Tuesday, April 12, 2011

Finding JK's Bugbear

No Dungeons & Dragons geeks.  I am NOT talking about the creature from the Monster Manual that I know nothing about, except for its fearsome level 3 attacks and Chaotic Evil alignment... oops.


No.  In this context, I mean something annoying and persistent that prevented JK and me from moving forward into fertility.

Dr. Sipe announced that she would be undergoing a saline ultrasound.  The uterus is filled with saline, and then a fairly standard transvaginal ultrasound follows.  However, the saline improves the "sight" of the ultrasound.  Sound travels best in water.  So it is here.  The saline ultrasound can see things that the normal transvaginal ultrasound cannot.

It begins with a big syringe - no needles thank goodness - and enough water to fill her up (down there).  After that, Dr. Sipe begins to fish around the wand and finds what he is looking for.  Two fibroids, both at least 12 millimeters.  They are big enough to cause a problem with any eggs wanting to implant.  They would have to go.

And so, we scheduled another surgery - JK's third.  And we still were scoreless in the kids department.  But this was a different surgery from the last two.  This one might help us keep a pregnancy, rather than end one that was no longer viable.

So off to the suburban hospital we went in the midst of a Chicago snowstorm.  As dreary a day as you could imagine.  That did nothing to improve my sense of dread, always present when JK was about to go under the knife.

I will say that a surgery that might help us seemed a refreshing change.  It wasn't all dread.  There was some anticipation.

The procedure hardly took any time.  A half hour maybe?  And then Dr.

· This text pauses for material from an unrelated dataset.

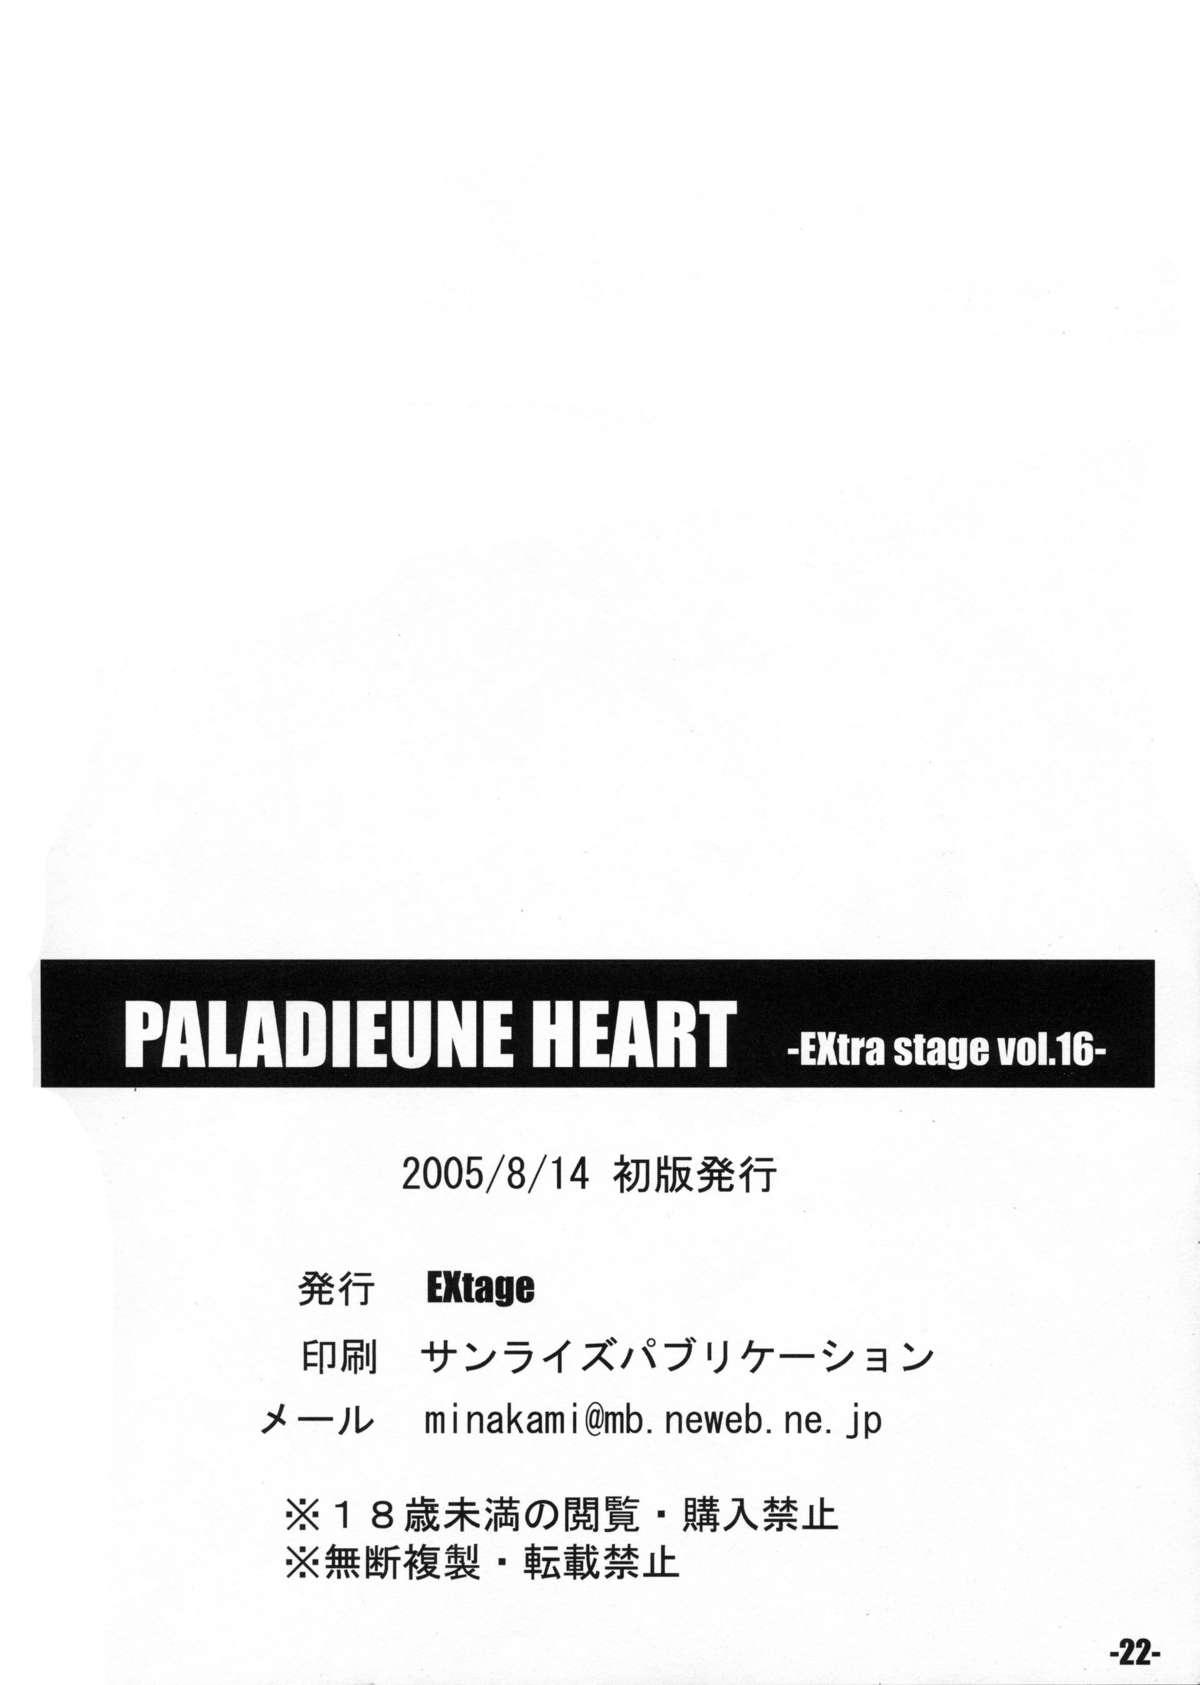 EXtra stage Vol.16 PALADIEUNE HEART 21
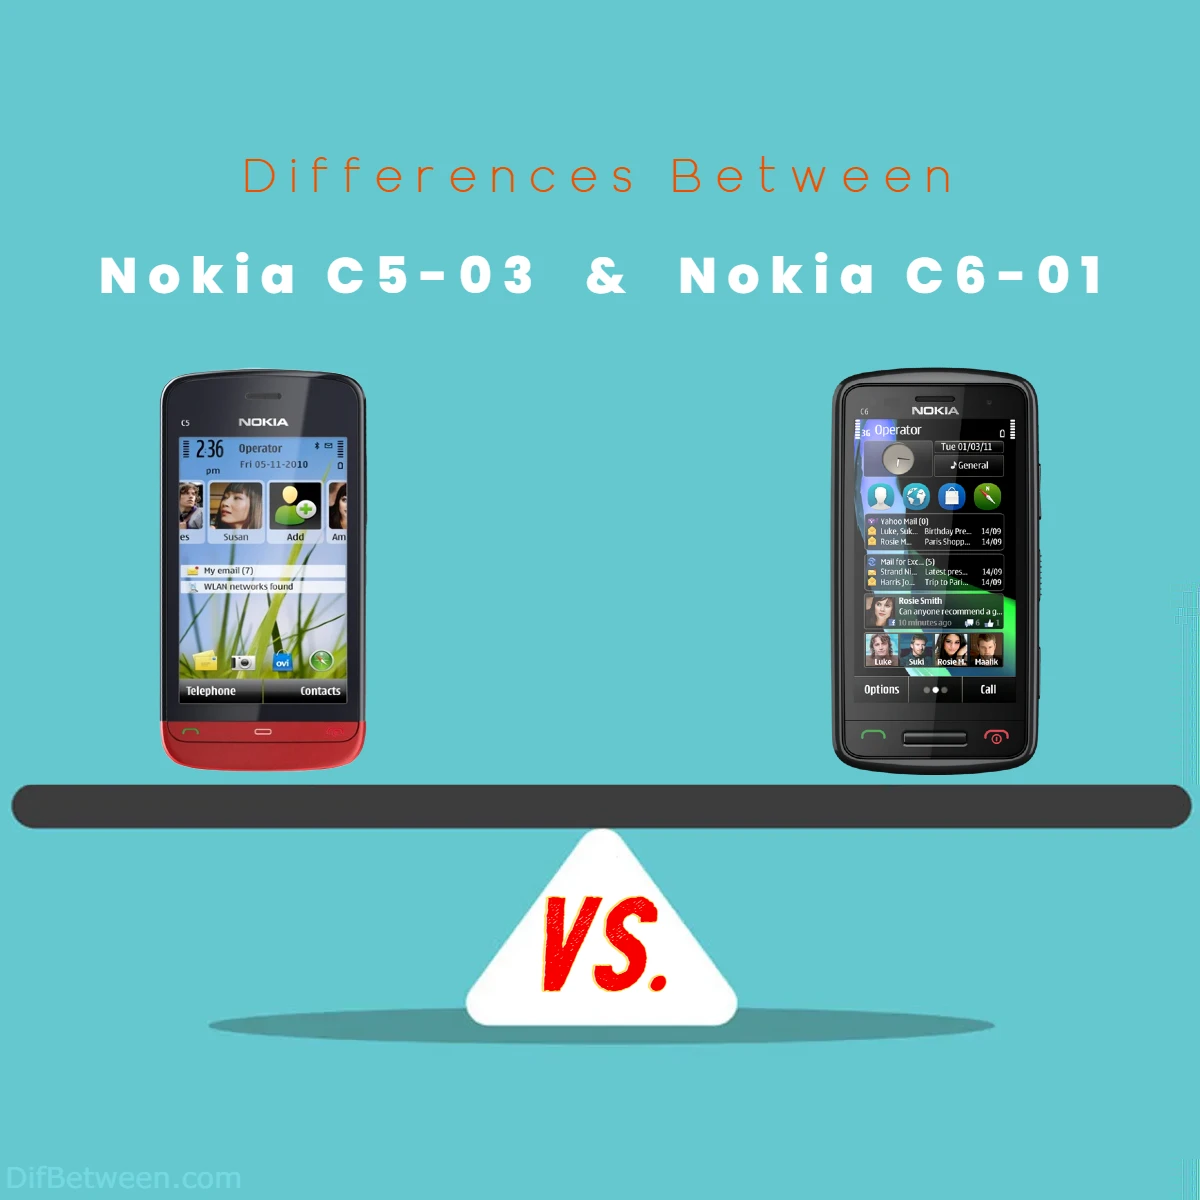 Differences Between Nokia C5 03 vs Nokia C6 01

Sipe came and got me.  Pictures showed the two fibroids and a polyp.  There before, gone after.  One of the fibroids was dead and leaking toxins (like lactic acid, for instance) into the uterus.  It caused the blighted ovum that so abruptly ended our third pregnancy.

Without it, we had a much better chance.

And so it was that, despite JK's distress, I found myself feeling hopeful for tomorrow.  I knew that a big obstacle had been removed from our path.  It was hard to know if that was all we needed.

We perhaps needed one more thing: a good luck talisman.  Soon, we would find the perfect thing.